Le petit tailleur réclama le salaire promis par le roi.
Mais celui-ci se déroba et chercha comment il pourrait se
débarrasser du héros.
- Avant que tu n'obtiennes ma fille et la moitié du
royaume, lui dit-il, il faut encore que tu accomplisses un
exploit. Dans la forêt il y a une licorne qui cause de gros
ravages. Il faut que tu l'attrapes.
- J'ai encore moins peur d'une licorne que de deux géants.
Sept d'un coup, voilà ma devise, répondit le petit
tailleur.
Il prit une corde et une hache, partit dans la forêt et
ordonna une fois de plus à ceux qu'on avait mis sous ses
ordres de rester à la lisière. Il n'eut pas à
attendre longtemps. La licorne arriva bientôt, fonça
sur lui comme si elle avait voulu l'embrocher sans plus
attendre.
- Tout doux ! tout doux ! dit-il.Ça n'ira pas si vite que
ça.
Il attendit que l'animal soit tout proche. Alors, il bondit
brusquement derrière un arbre. La licorne courut à
toute vitesse contre l'arbre et enfonça sa corne si
profondément dans le tronc qu'elle fut incapable de l'en
retirer.
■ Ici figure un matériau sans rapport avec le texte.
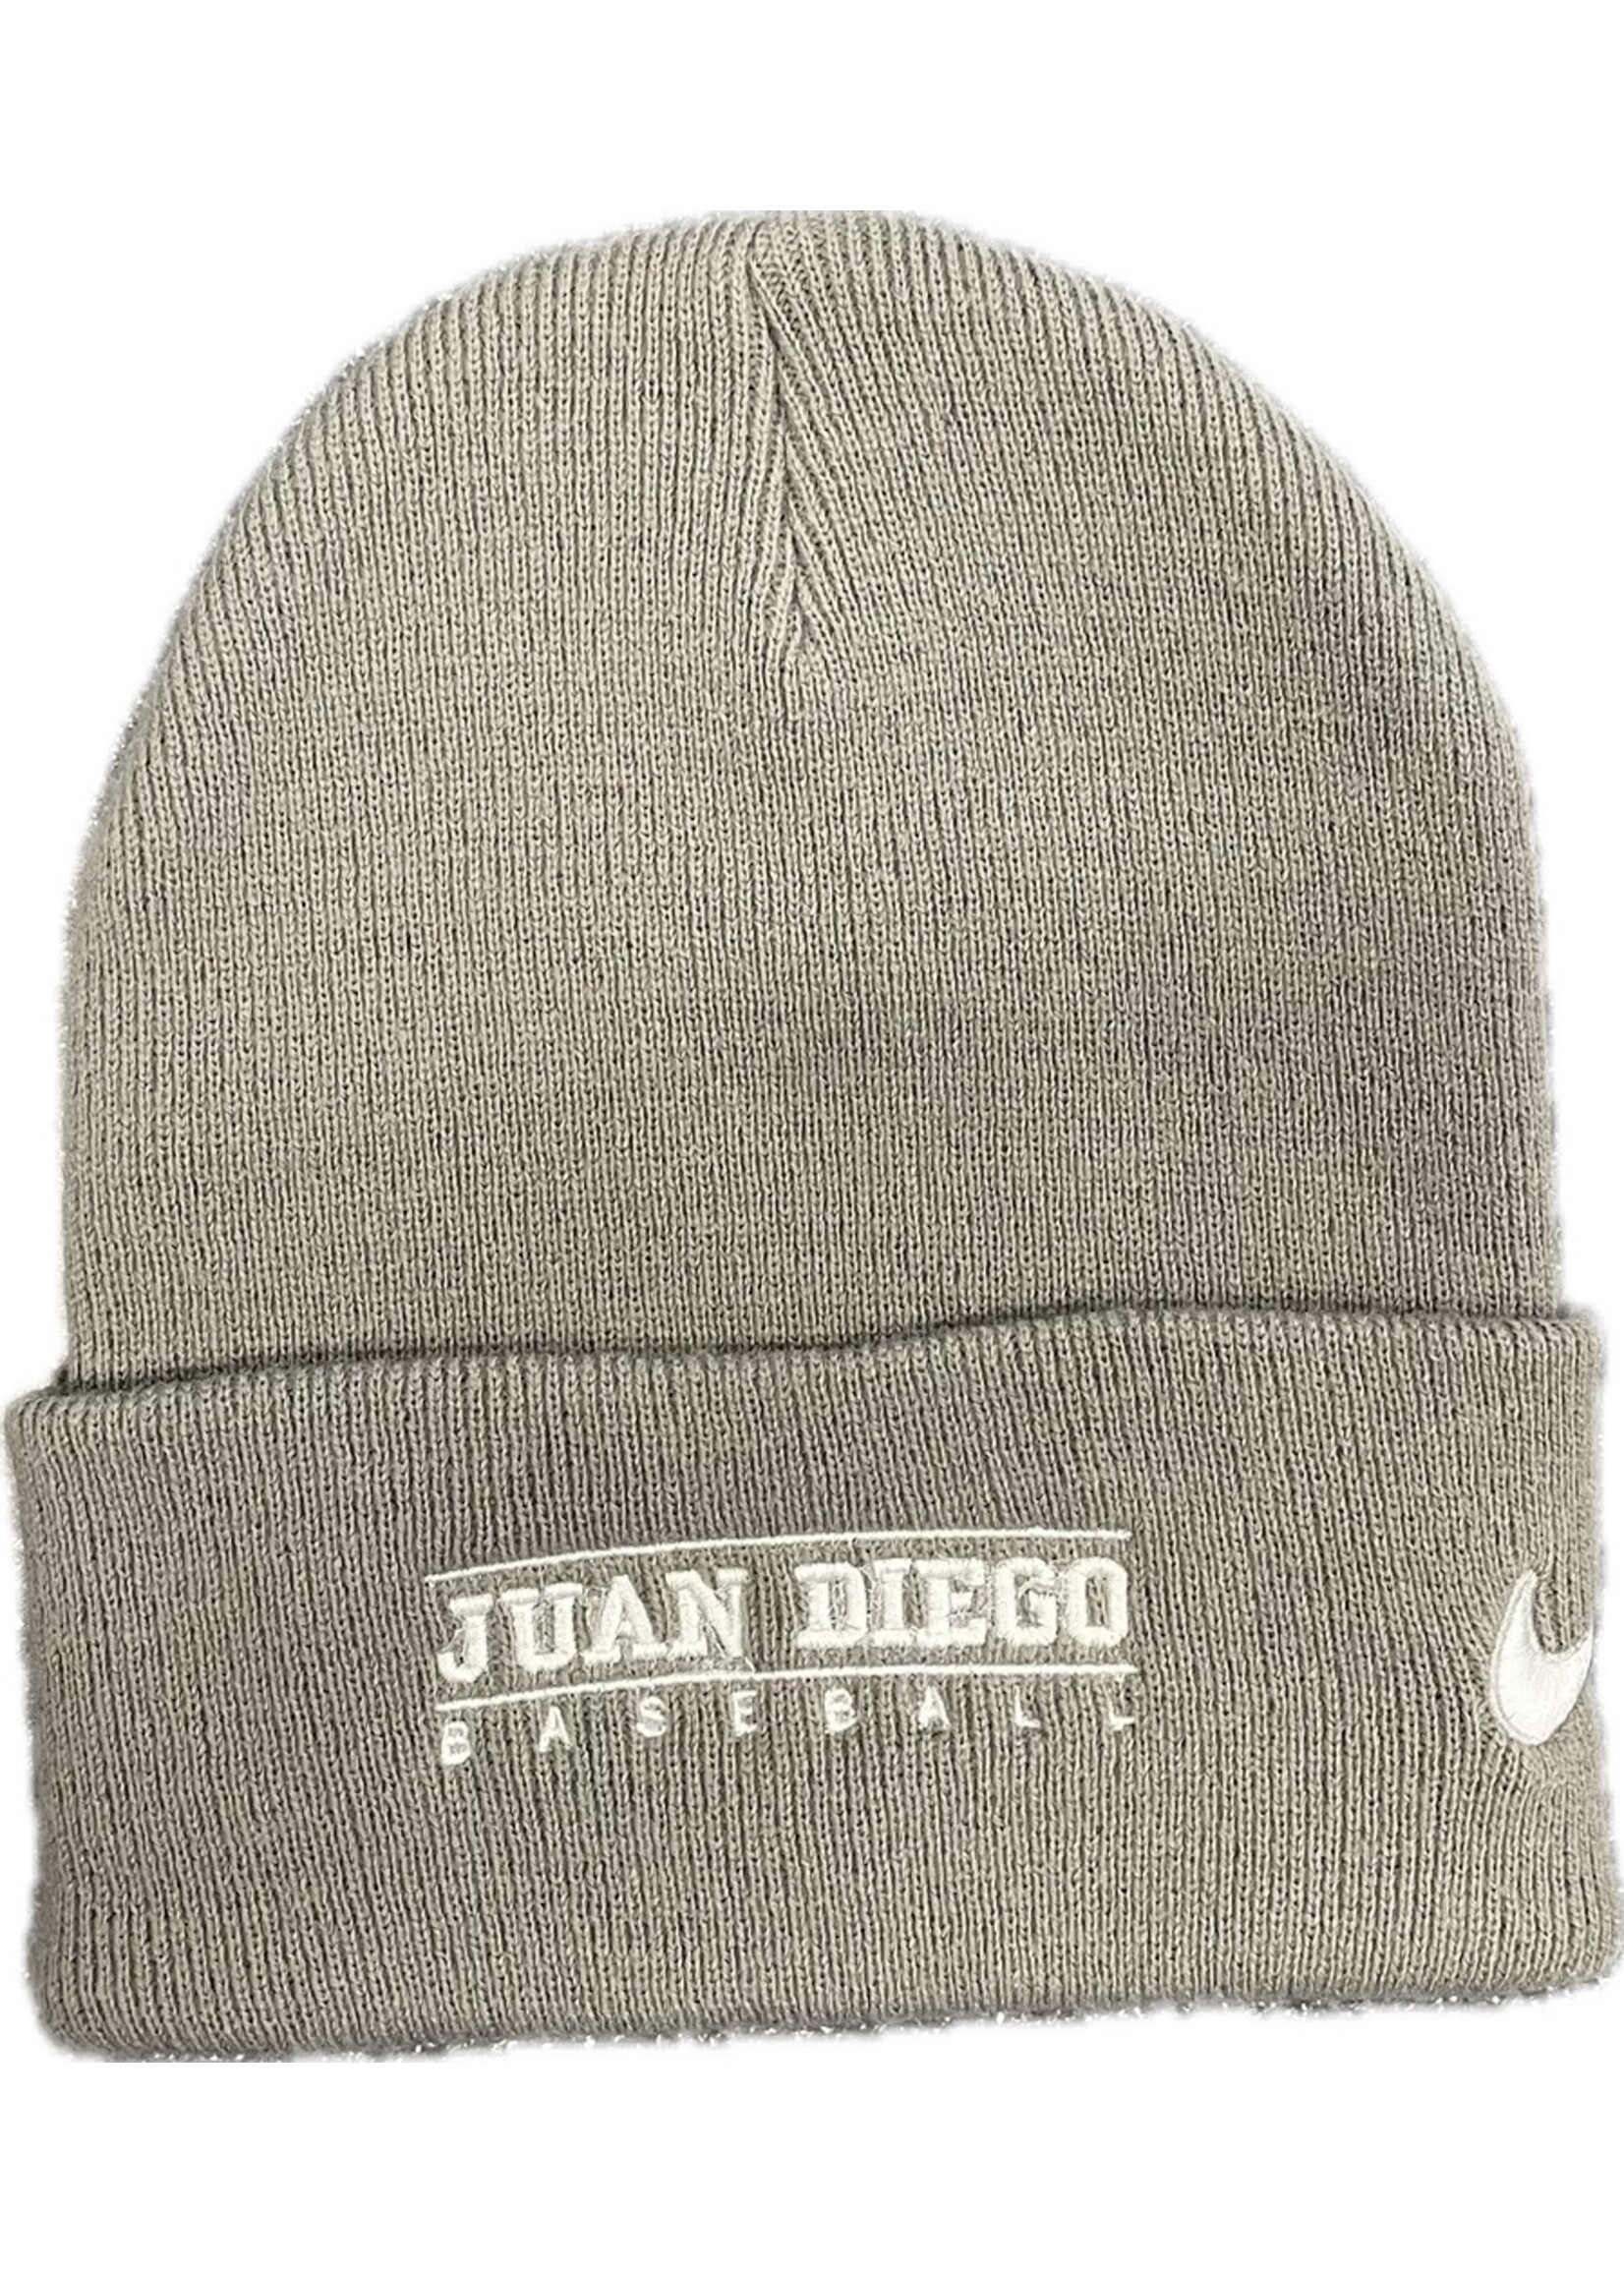 NON-UNIFORM Juan Diego Baseball Nike Cuffed Beanie

Elle était prise !
- Je tiens le petit oiseau, dit le tailleur.
Il sortit de derrière l'arbre, passa la corde au cou de la
licorne, dégagea la corne du tronc à coups de hache
et, quand tout fut fait, emmena la bête au roi.
Le roi ne voulut pas lui payer le salaire promis et posa une
troisième condition. Avant le mariage, le tailleur devait
capturer un sanglier qui causait de grands ravages dans la
forêt. Les chasseurs l'aideraient.
- Volontiers, dit le tailleur, c'est un jeu d'enfant.
Il n'emmena pas les chasseurs avec lui, ce dont ils furent bien
contents car le sanglier les avait maintes fois reçus de
telle façon qu'ils n'avaient aucune envie de
l'affronter.
Lorsque le sanglier vit le tailleur, il marcha sur lui
l'écume aux lèvres, les défenses
menaçantes, et voulut le jeter à terre. Mais l'agile
héros bondit dans une chapelle qui se trouvait dans le
voisinage et d'un saut en ressortit aussitôt par une
fenêtre. Le sanglier l'avait suivi. Le tailleur revint
derrière lui et poussa la porte. La bête furieuse
était captive. Il lui était bien trop difficile et
incommode de sauter par une fenêtre. Le petit tailleur
appela les chasseurs. Ils virent le prisonnier de leurs propres
yeux. Le héros cependant se rendit chez le roi qui dut
tenir sa promesse, bon gré mal gré! Il lui donna sa
fille et la moitié de son royaume. S'il avait su qu'il
avait devant lui, non un foudre de guerre, mais un petit tailleur,
l'affaire lui serait restée encore bien plus sur le coeur.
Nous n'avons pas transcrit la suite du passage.